This coming Sunday, January 31, the man who saved my grandfather and thousands of other Jews from the Holocaust will finally be getting his own film adaptation. “Persona Non Grata,” which will have its U.S. premiere next week at the Atlanta Jewish Film Festival, tells the story of Chiune Sugihara, a Japanese consul who granted 3,500 transit visas to fleeing Lithuanian Jewish refugees–including many yeshiva students–without the approval of his government.
As Yad Vashem recounts:
The Japanese consul asked for time to obtain authorization from his superiors to grant the visas. Nothing indicated that the Japanese Foreign Ministry would agree to this unusual request. However, Sugihara was very troubled by the refugees’ plight and therefore began issuing visas at his own initiative and without having obtained his ministry’s support. Nine days later the response from Tokyo arrived. The proposal was rejected, and authorization to grant transit visas was denied. Sugihara decided to continue with the distribution of the visas anyhow. His wife later described how the predicament of the desperate Jewish refugees had impacted her husband. After the meeting with the delegation he was troubled and contemplative until he decided to go ahead and disobey his orders. Within a brief span of time before the consulate was closed down and Sugihara had to leave Kaunas, he provided approximately 3,500 transit visas. Thanks to Sugihara they were able to leave Europe and the murder that was to begin a year later. Among the recipients of visas were many rabbis and Talmudic students. Their narrow escape enabled them to re-establish the Jewish traditional schools elsewhere.

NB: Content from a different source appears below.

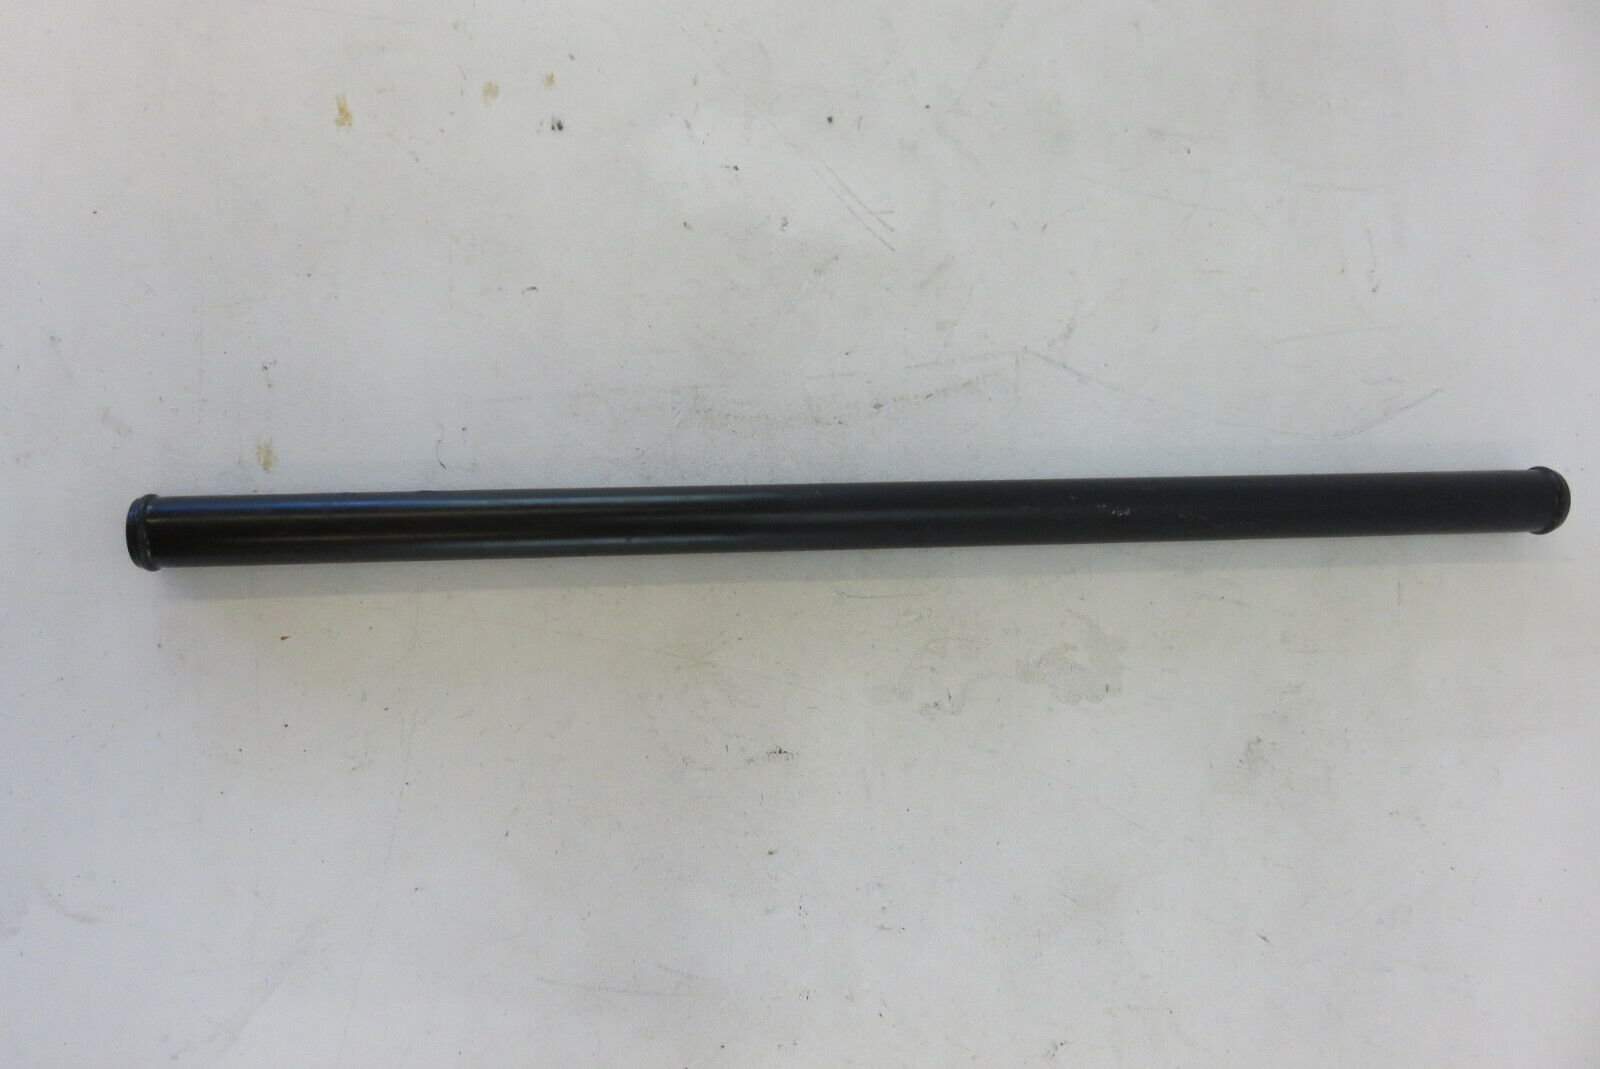 Lotus Esprit S4 pipe, crossover, fuel tank interconnection tube B082L4061F

Ultimately dismissed from the Japanese Foreign Service, Sugihara lived out his post-war life in obscurity, doing menial work to support his family. He was eventually tracked down in 1968 by one of the Jews he saved, then an economic attaché to the Israeli Embassy in Tokyo, and brought to Israel, where he received a hero’s welcome. In 1984, Yad Vashem recognized Sugihara as one of the Righteous Among the Nations. Two years later, he died.
Though Sugihara’s story has been the subject of several documentaries, it has not received biopic treatment until now. “Persona Non Grata” was directed by Japanese-American director Cellin Gluck, filmed in Poland, and stars Toshiaki Karasawa in the lead role.